## Task instructions:
Exact reproduction of all the data is required, with pictures excluded.

## Provided material:

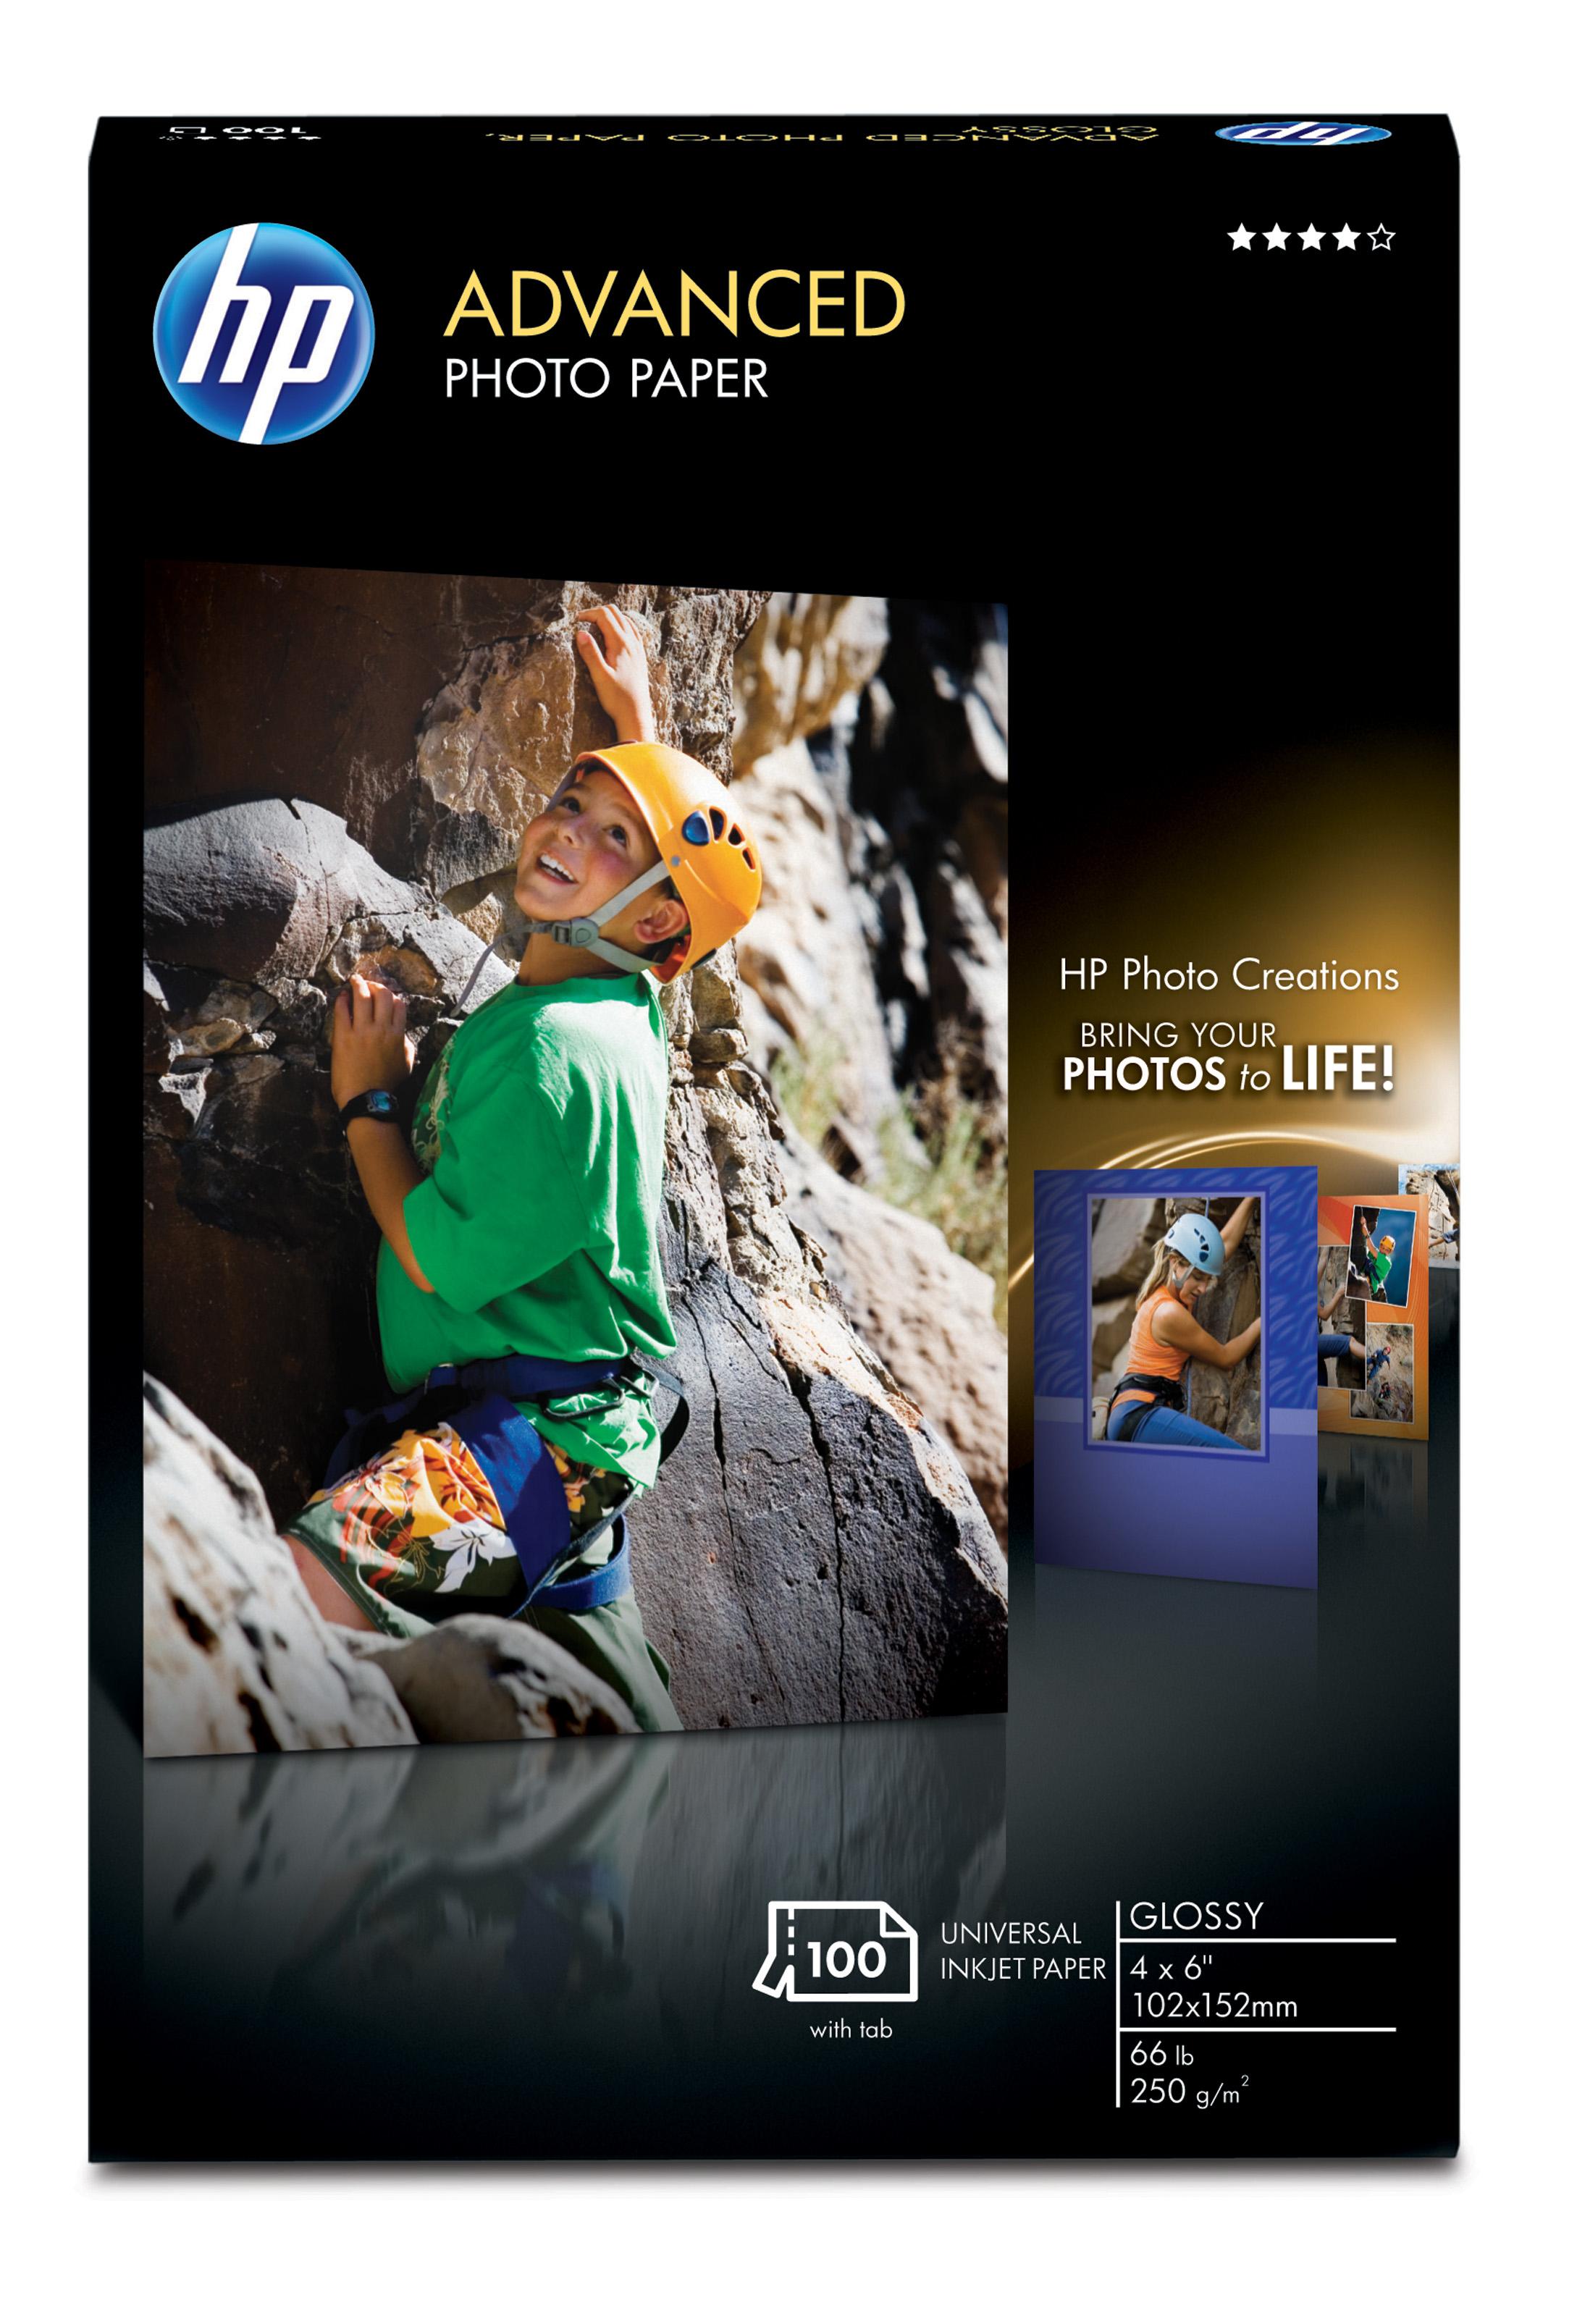 HP Advanced Glossy Photo Paper-100 sht/4 x 6 in borderless carta fotografica
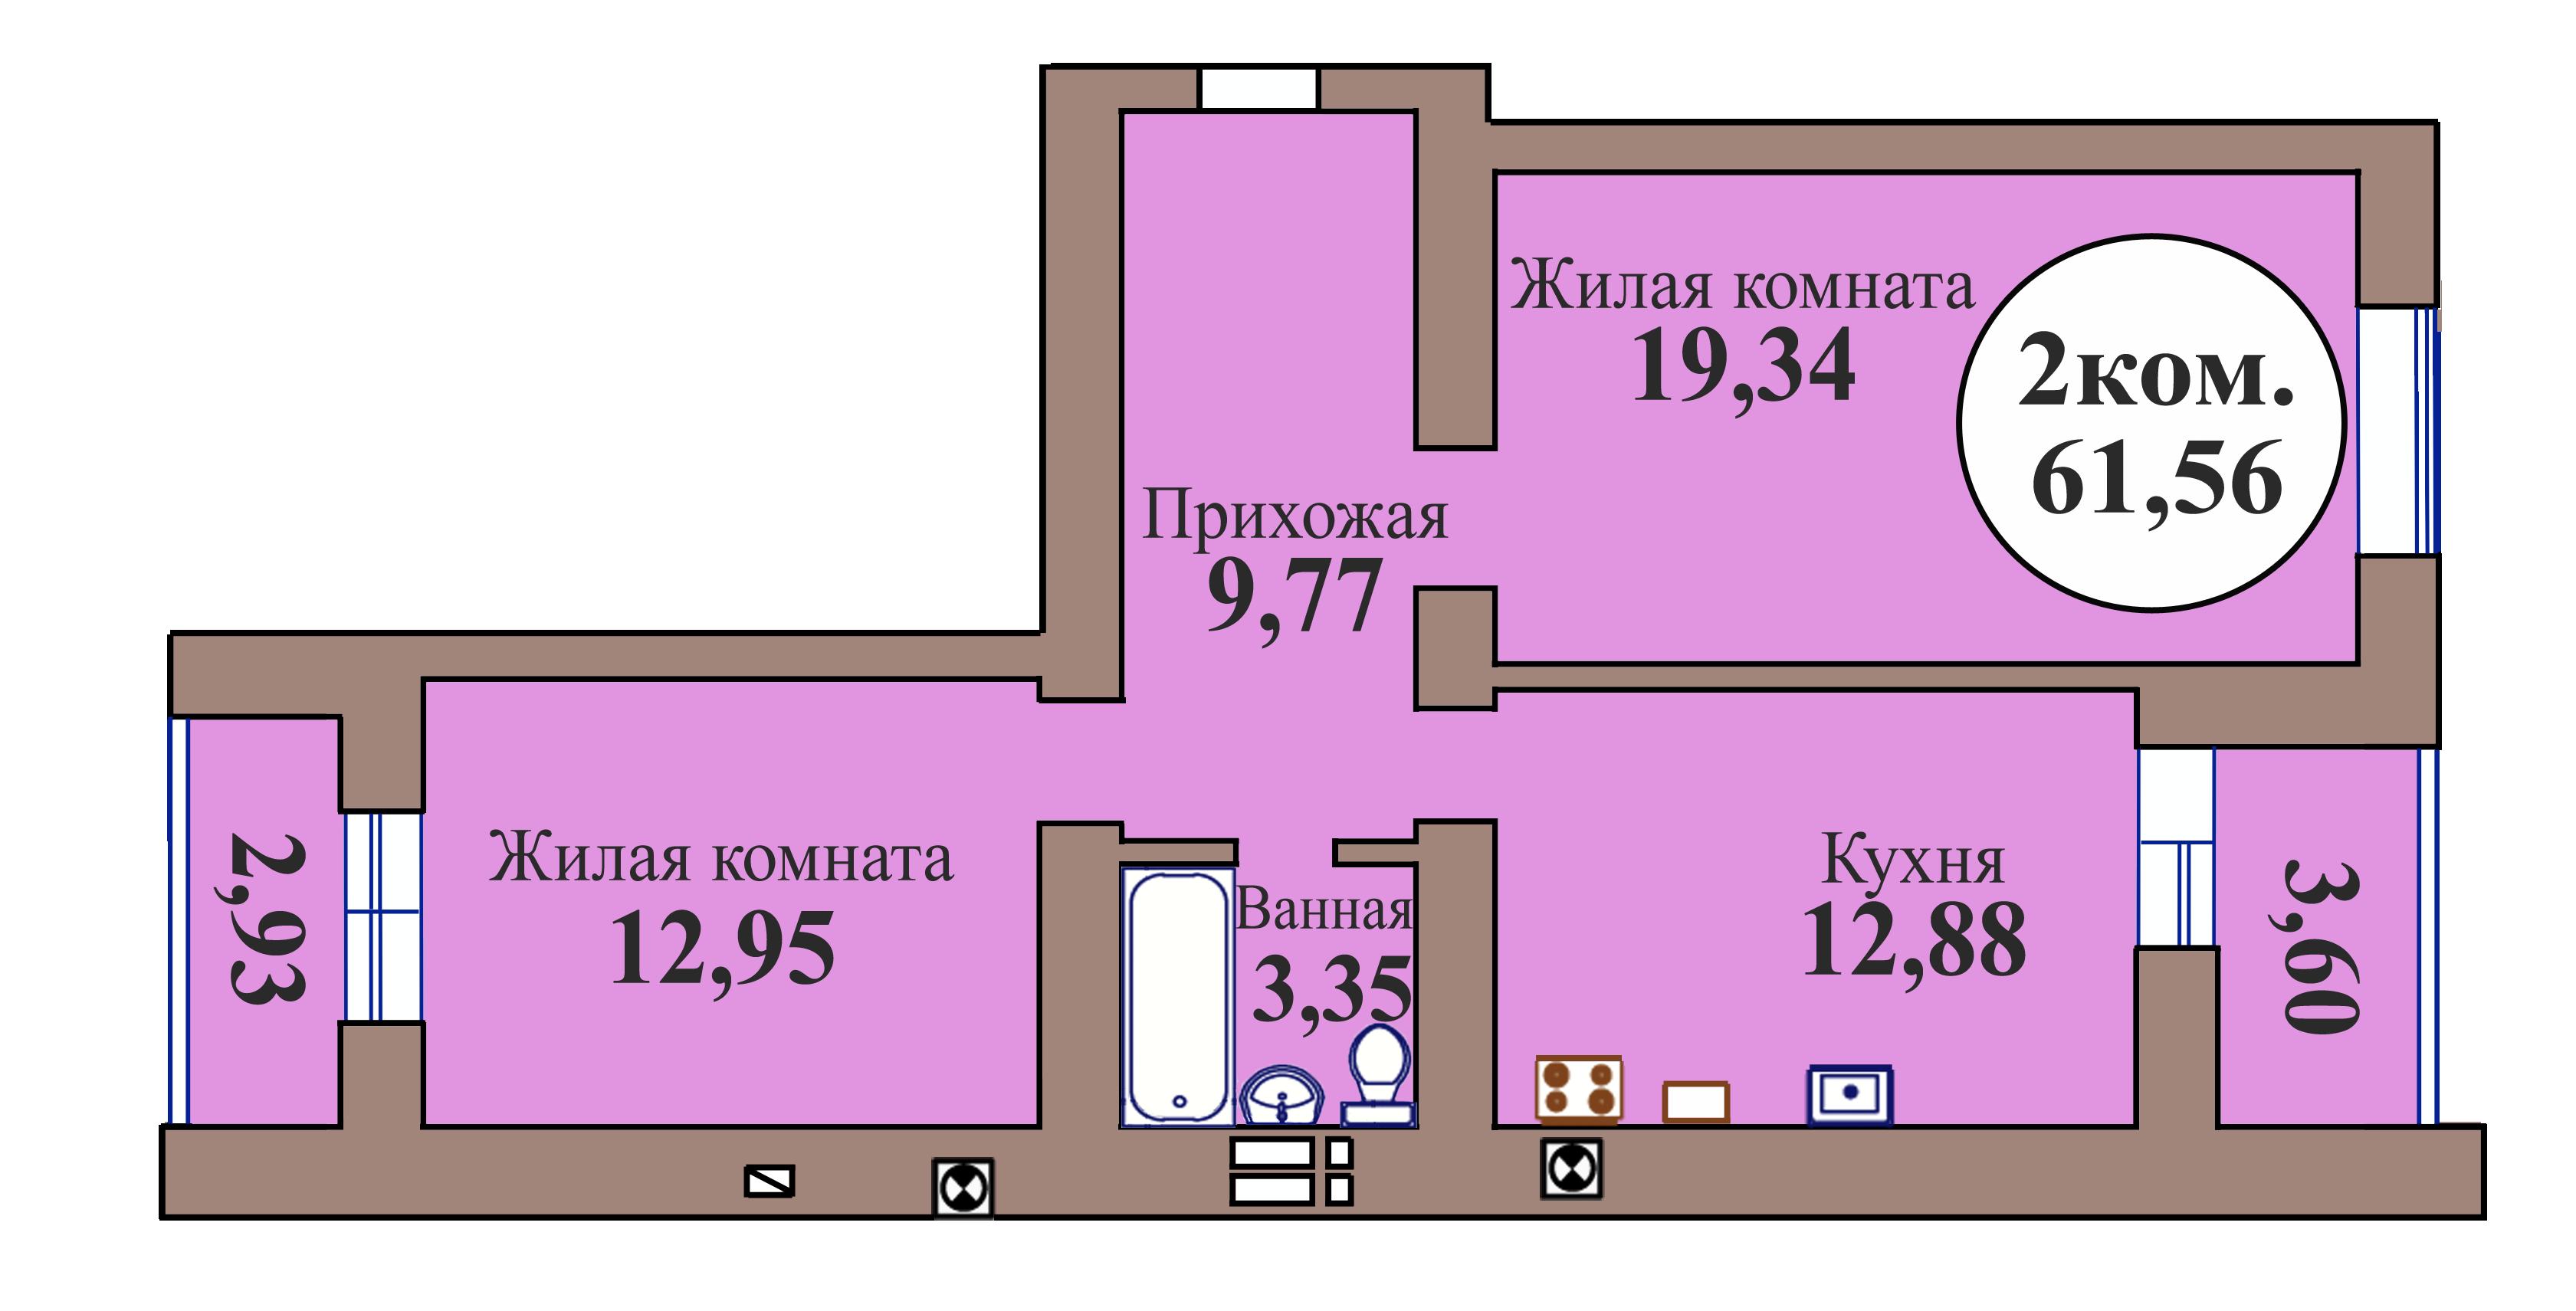 2-комн. кв. по пер. Калининградский, 5 кв. 131 в Калининграде
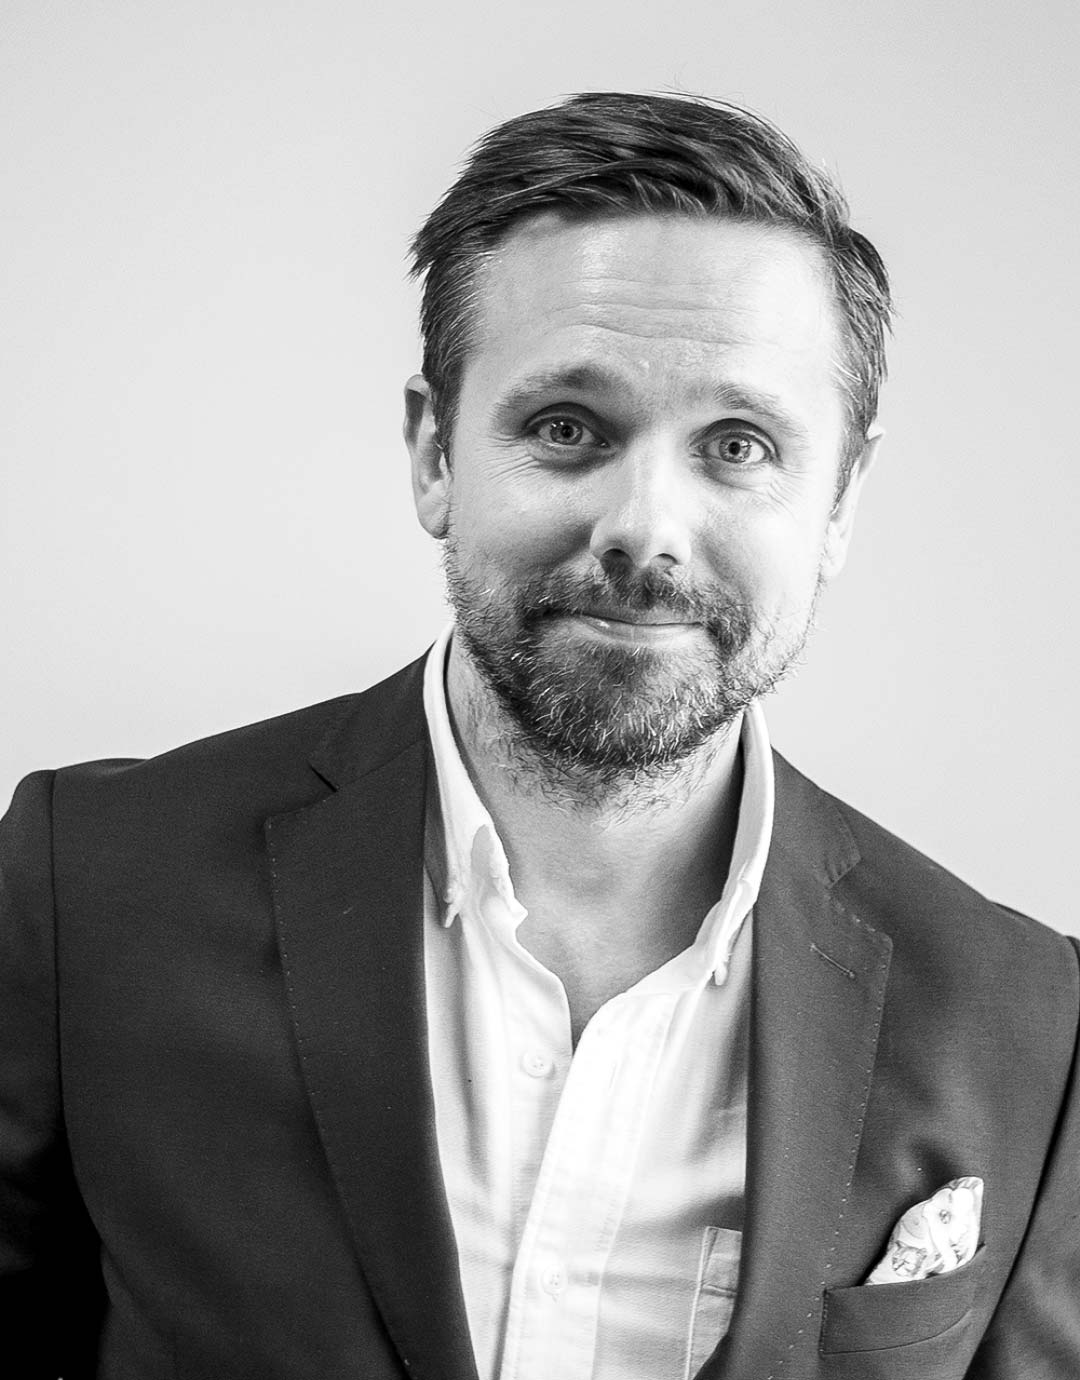 Marcus Sjölin

## Exercise solution:
 HP Advanced Glossy Photo Paper-100 sht/4 x 6 in borderless carta fotografica
 2-комн. кв. по пер. Калининградский, 5 кв. 131 в Калининграде
 Marcus Sjölin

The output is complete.